WHAT YOU NEED TO DO
Would you retype the listing below word for word, without any of its pictures?

GIVEN INFORMATION
--- START ---
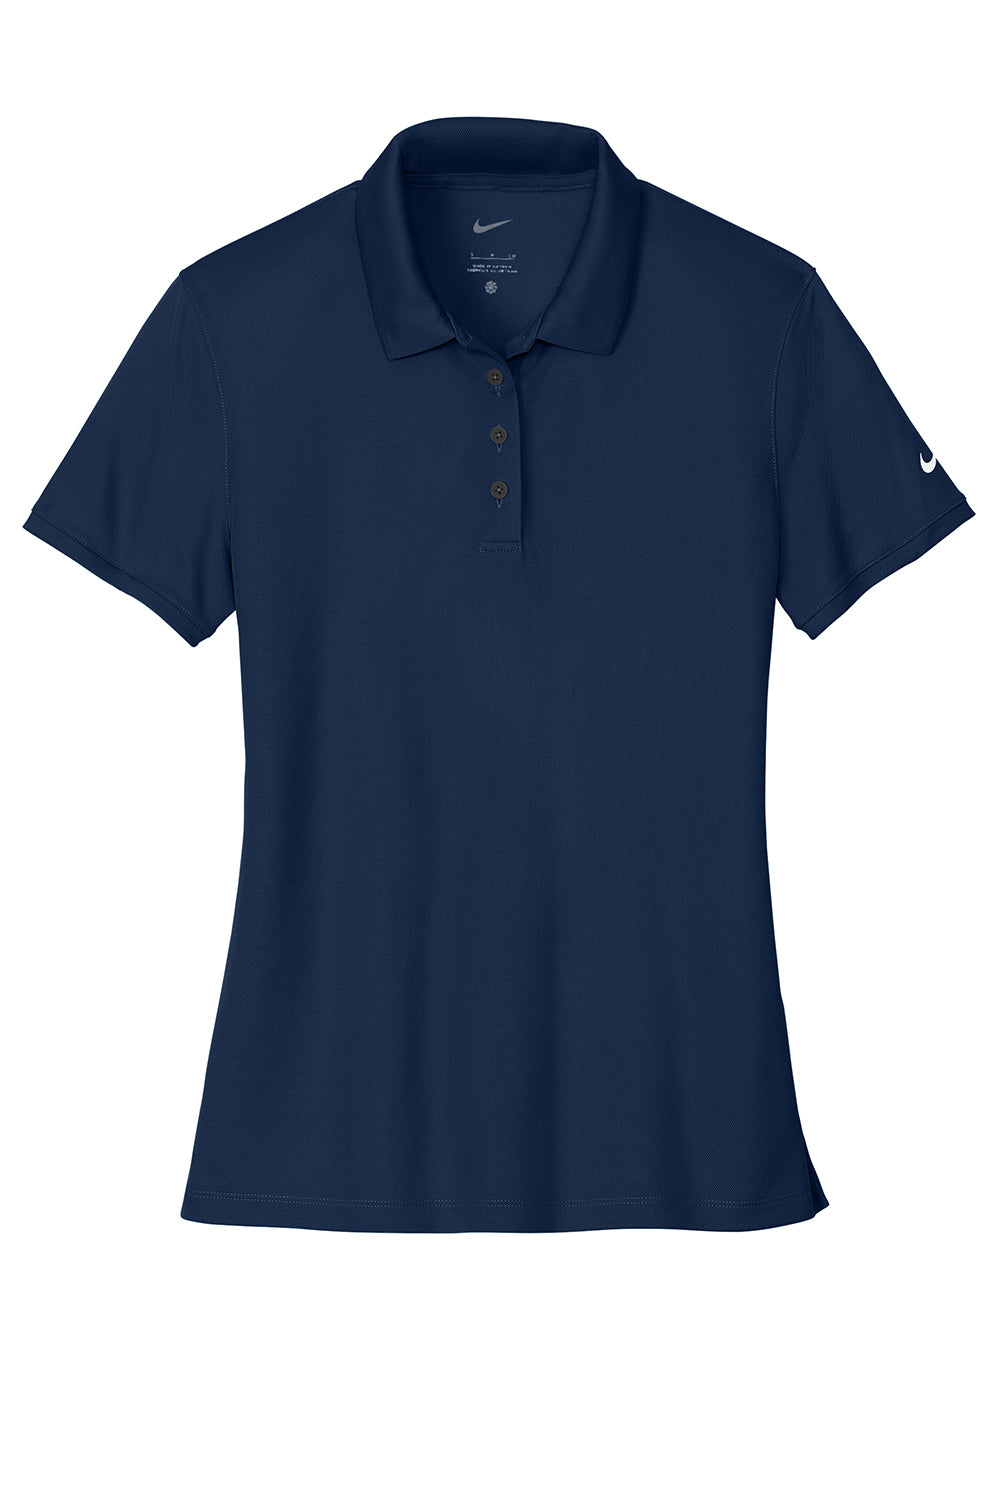 Nike NKDX6685 Womens Victory Dri-Fit Moisture Wicking Short Sleeve Polo Shirt College Navy Blue Flat Front
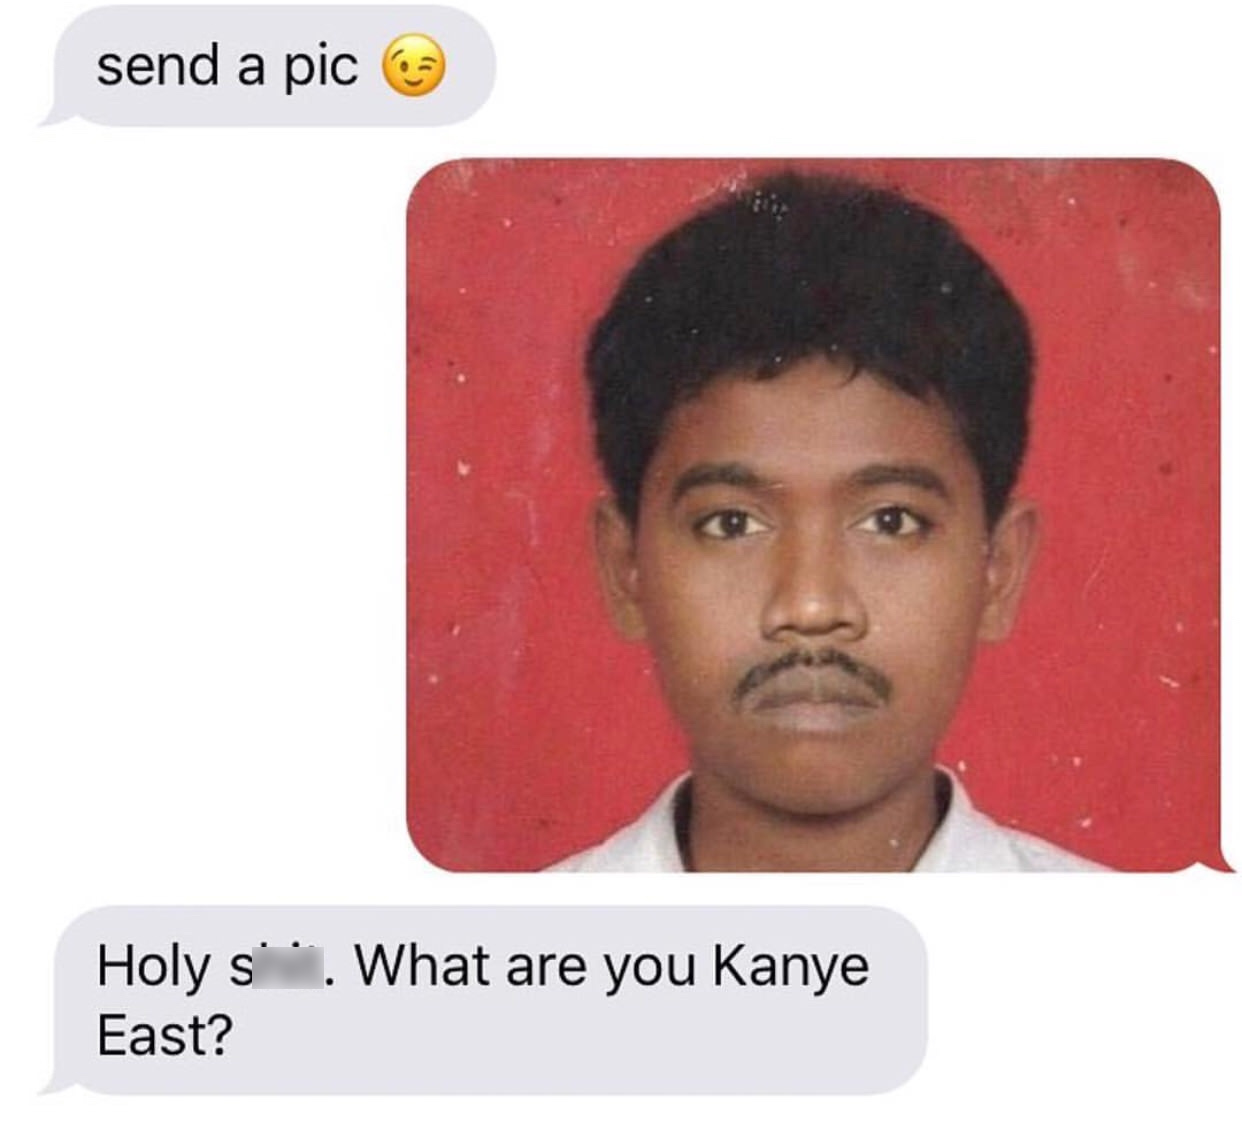 kanye east - send a pica Holy s . What are you Kanye East?
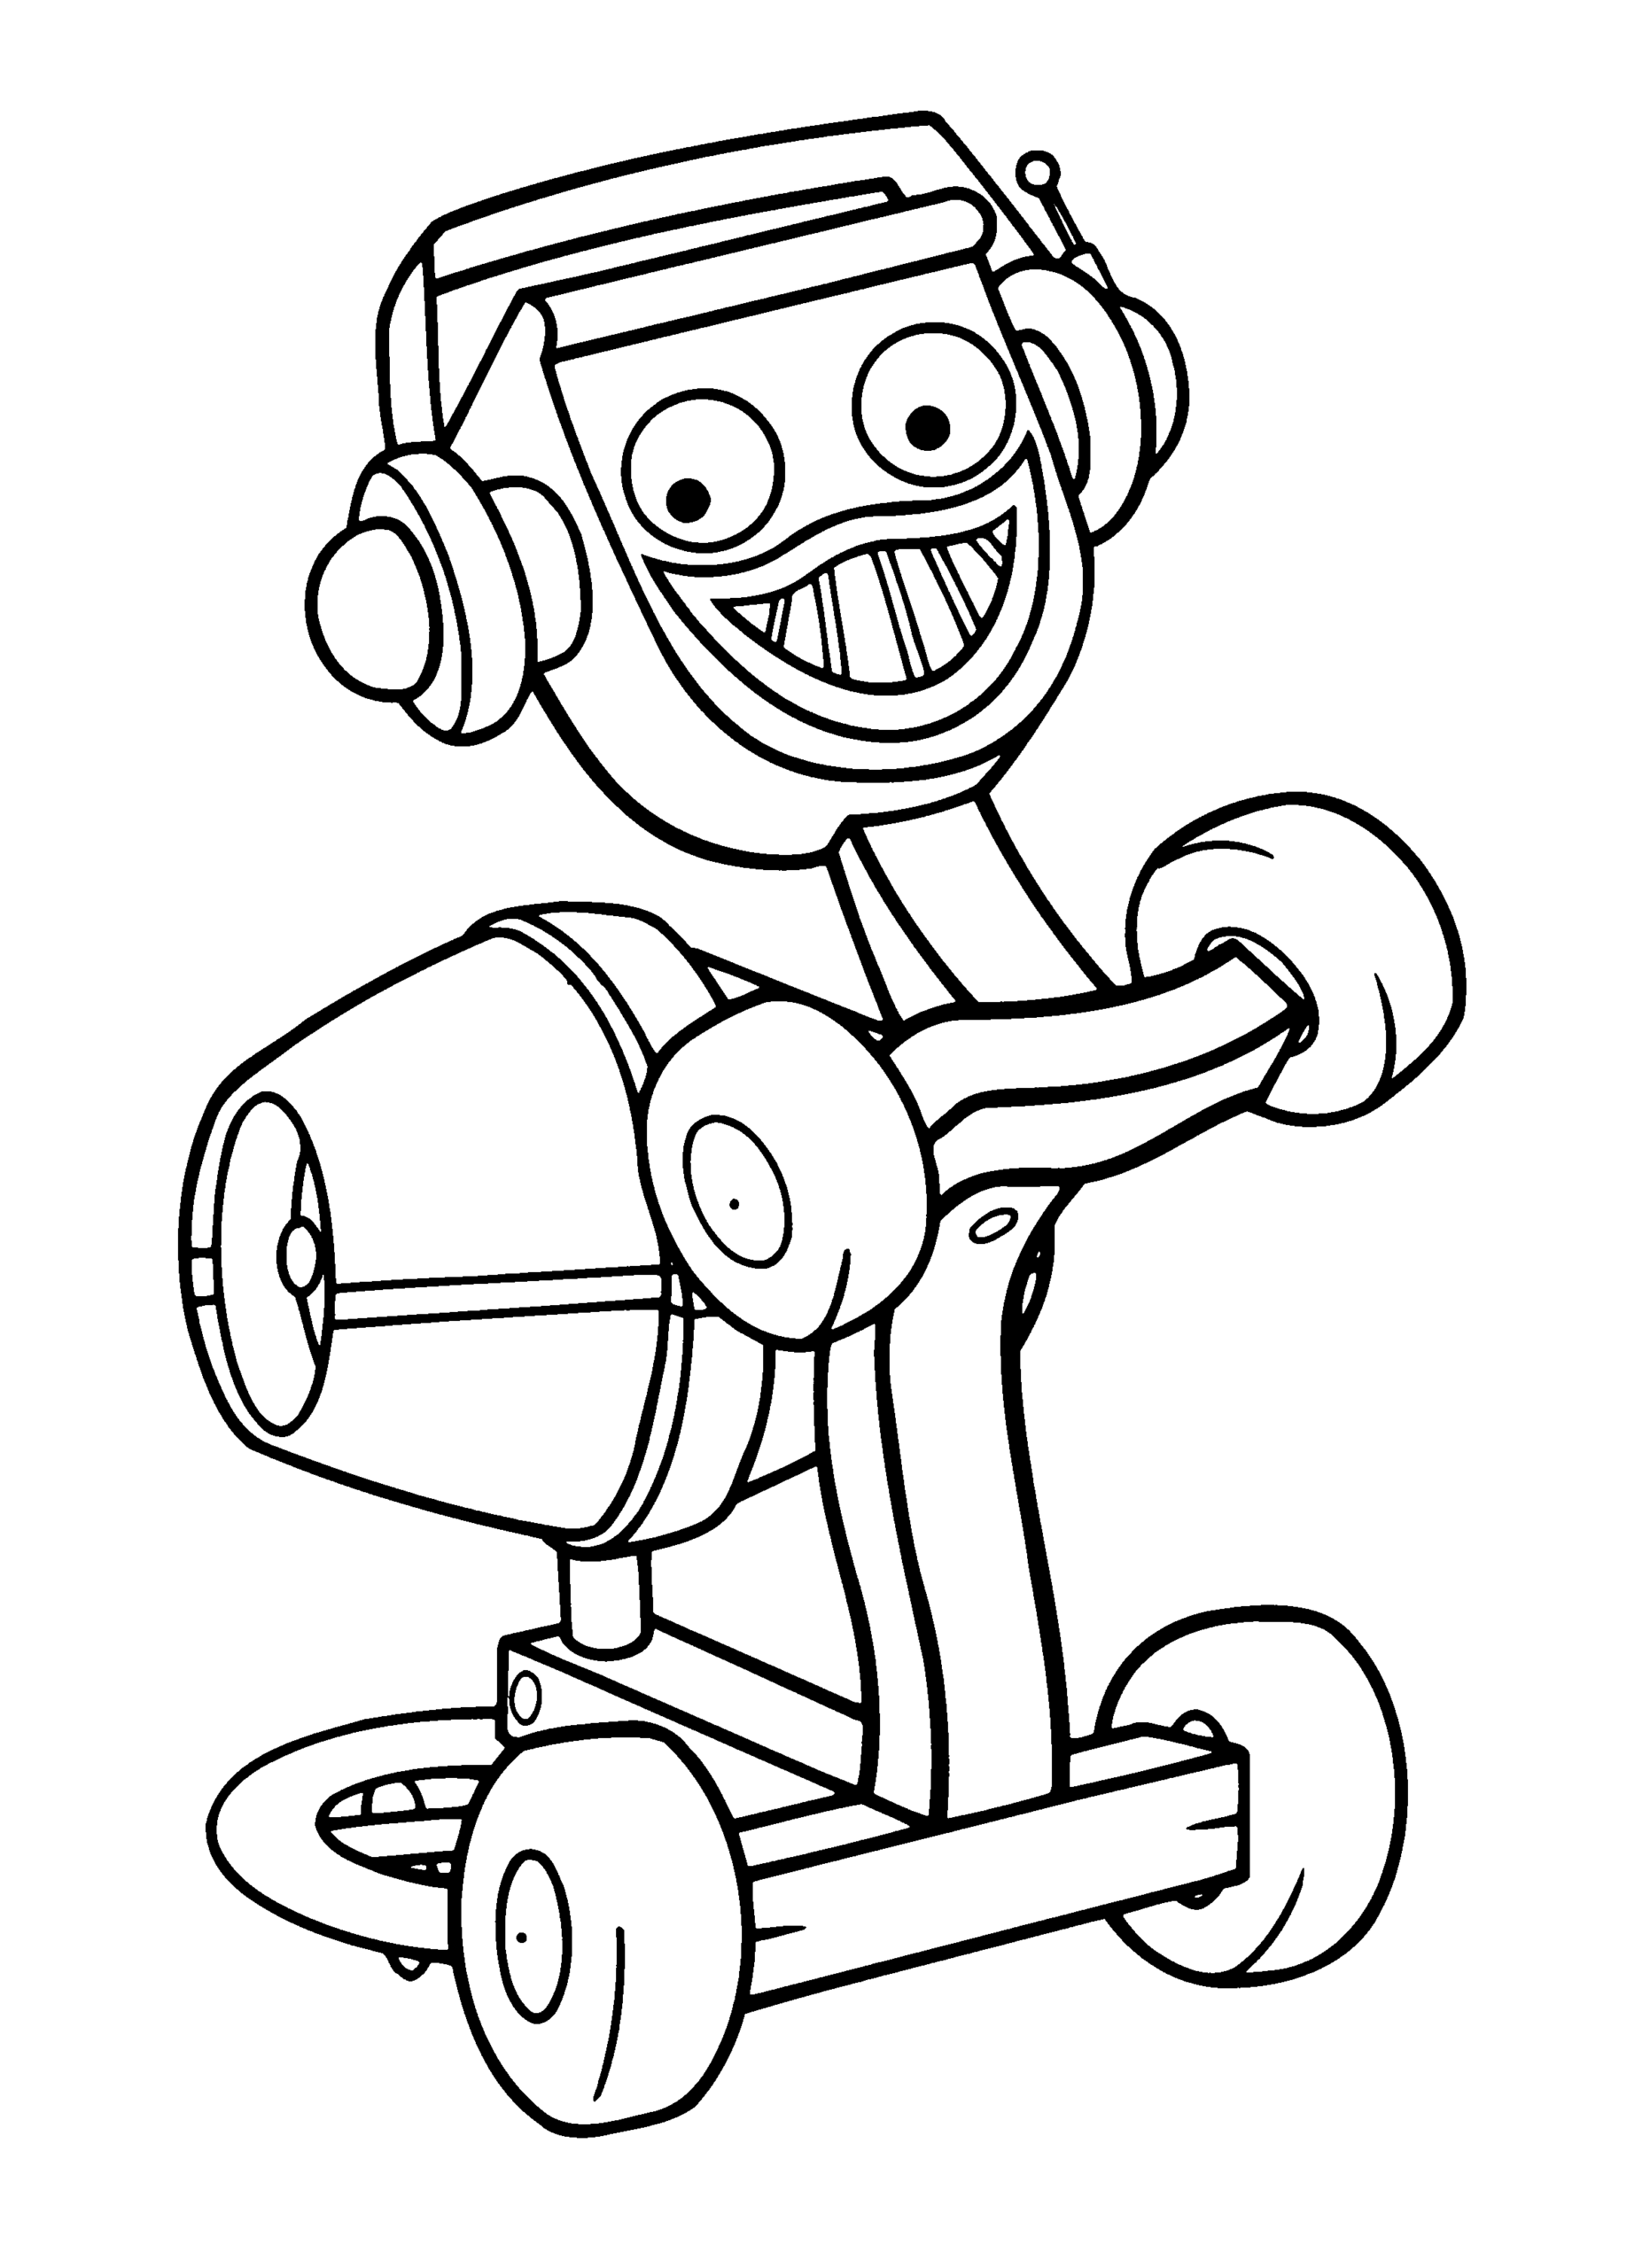 Bob the Builder Coloring Pages TV Film bob der baumeister Printable 2020 00941 Coloring4free
--- END ---
THE COMPLETED TASK
 Nike NKDX6685 Womens Victory Dri-Fit Moisture Wicking Short Sleeve Polo Shirt College Navy Blue Flat Front
 kanye east - send a pica Holy s . What are you Kanye East?
 Bob the Builder Coloring Pages TV Film bob der baumeister Printable 2020 00941 Coloring4free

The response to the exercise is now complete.